» EXERCISE:
Please write out all the data that follows exactly, without the pictures.

» GIVEN MATERIAL:
= Beginning of Section =
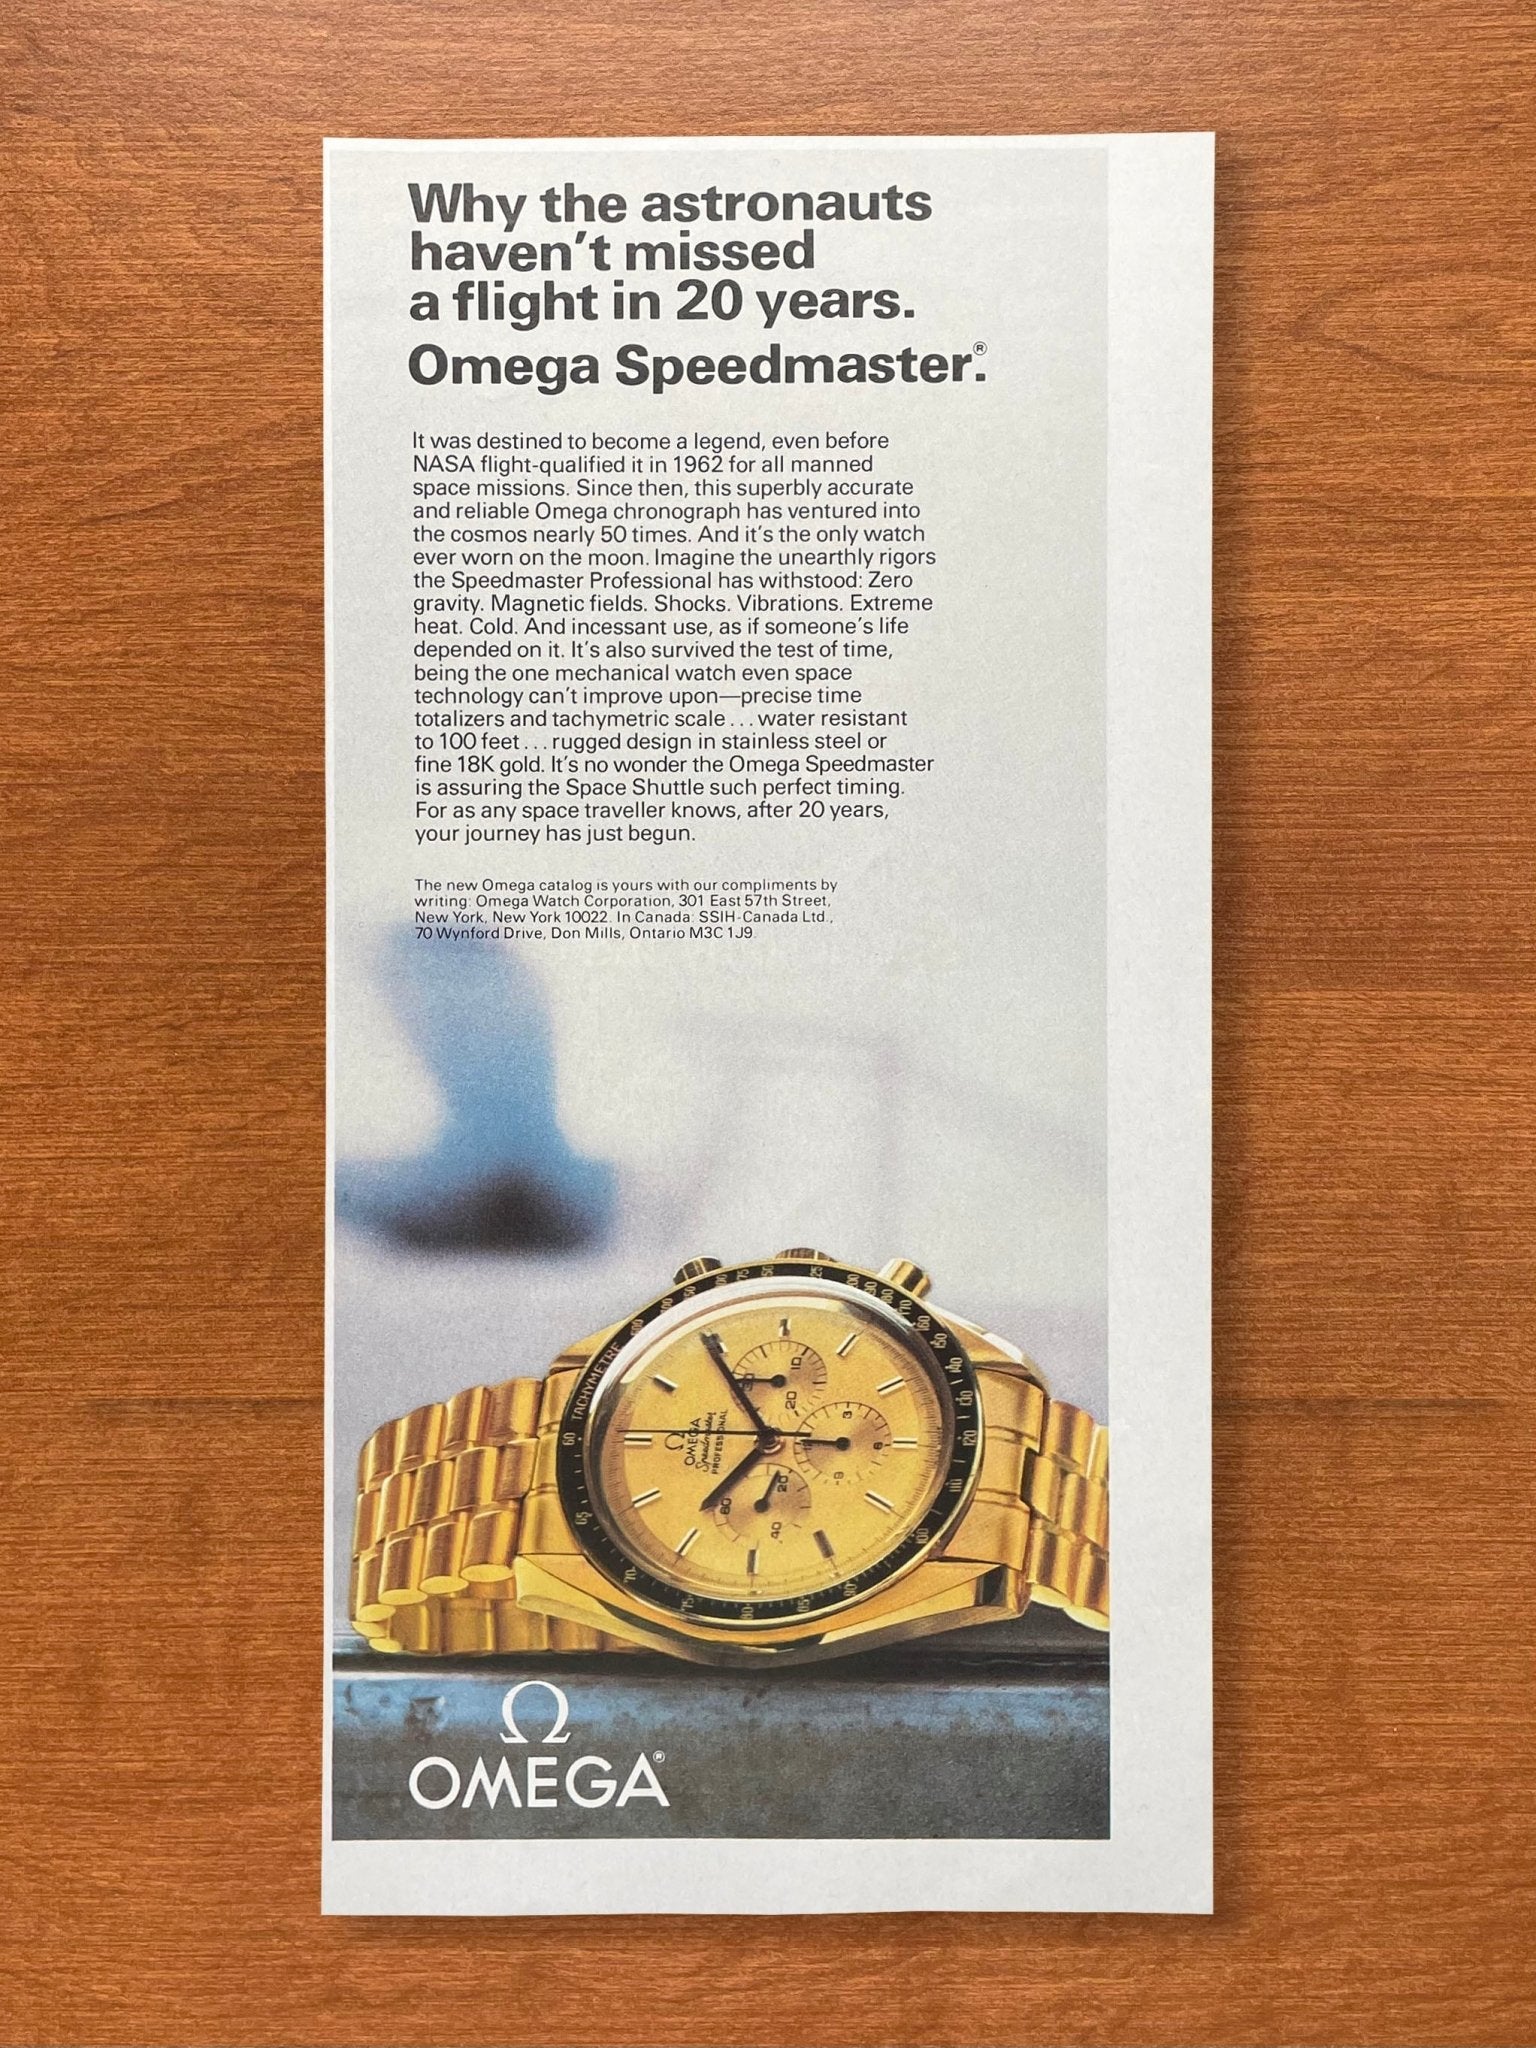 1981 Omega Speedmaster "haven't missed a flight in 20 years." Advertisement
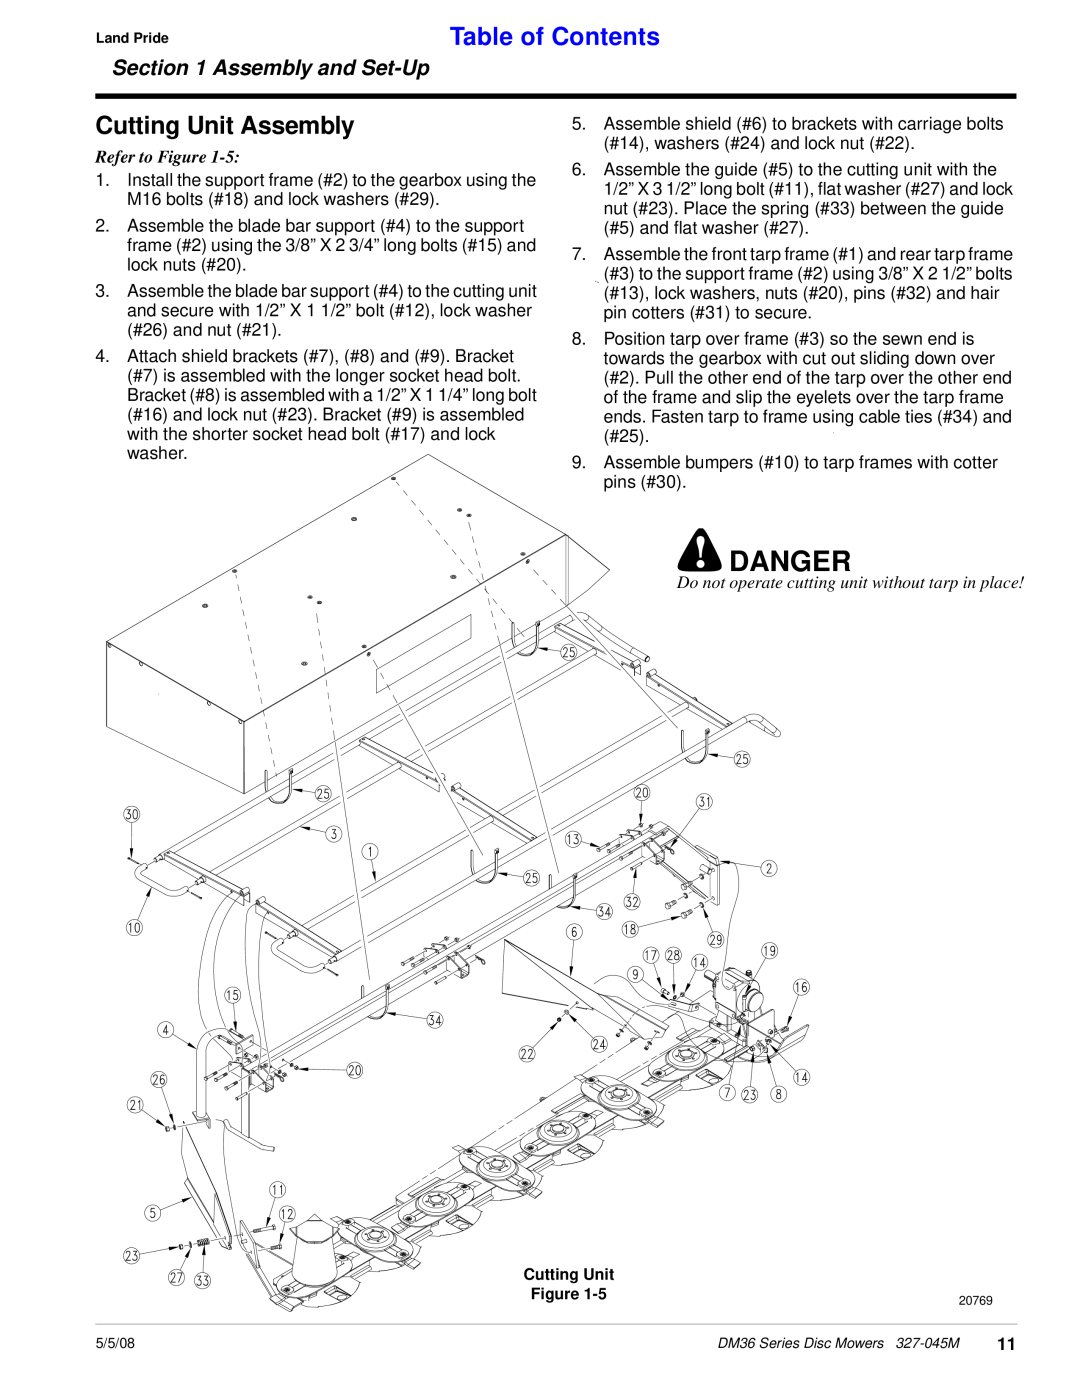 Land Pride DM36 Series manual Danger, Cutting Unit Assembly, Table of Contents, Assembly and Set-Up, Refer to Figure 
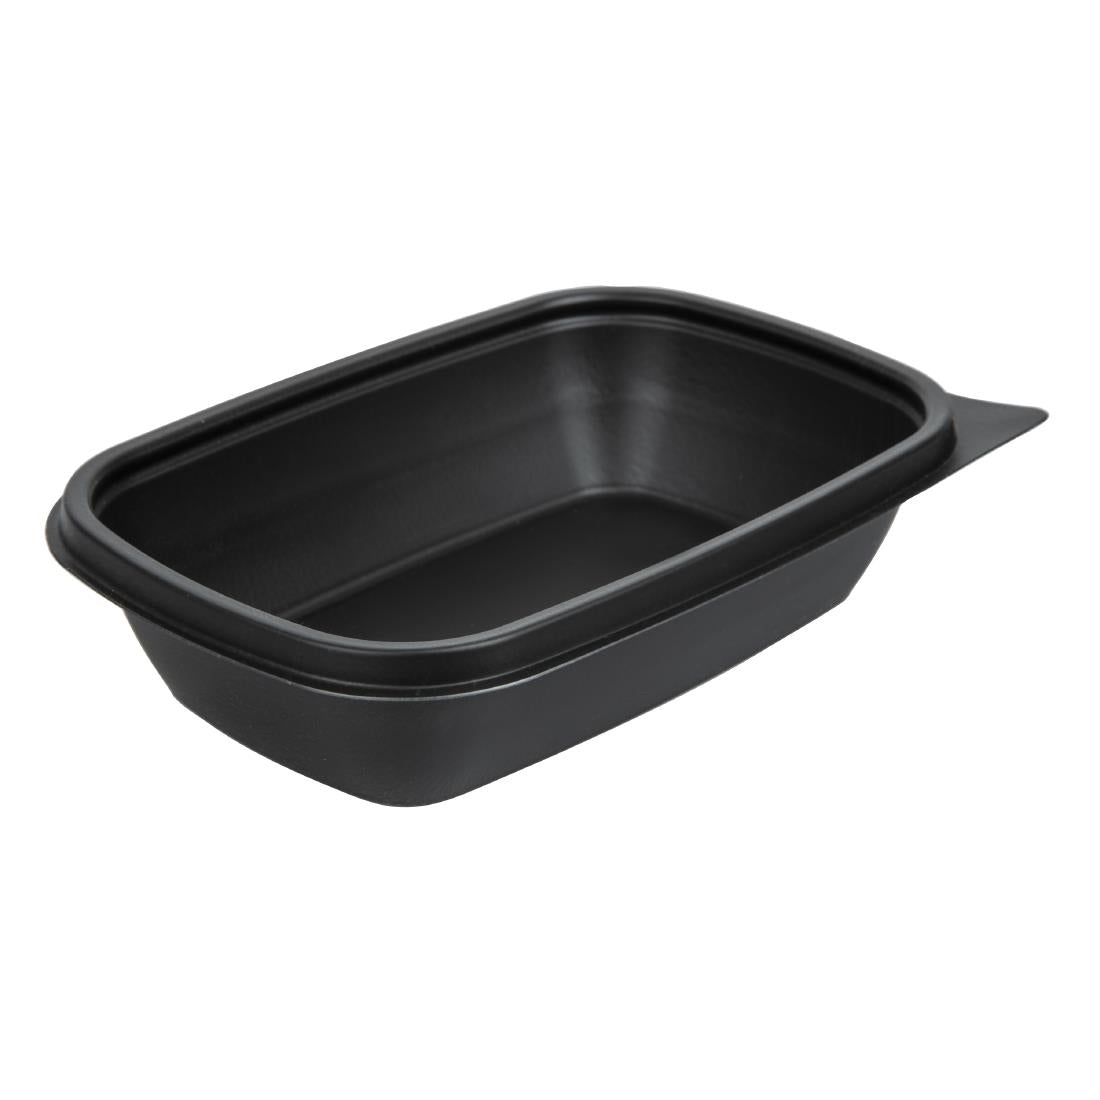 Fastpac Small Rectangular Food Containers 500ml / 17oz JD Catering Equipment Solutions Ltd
= End of Section =
» PROBLEM SOLUTION:
 1981 Omega Speedmaster "haven't missed a flight in 20 years." Advertisement
 Land Pride DM36 Series manual Danger, Cutting Unit Assembly, Table of Contents, Assembly and Set-Up, Refer to Figure 
 Fastpac Small Rectangular Food Containers 500ml / 17oz JD Catering Equipment Solutions Ltd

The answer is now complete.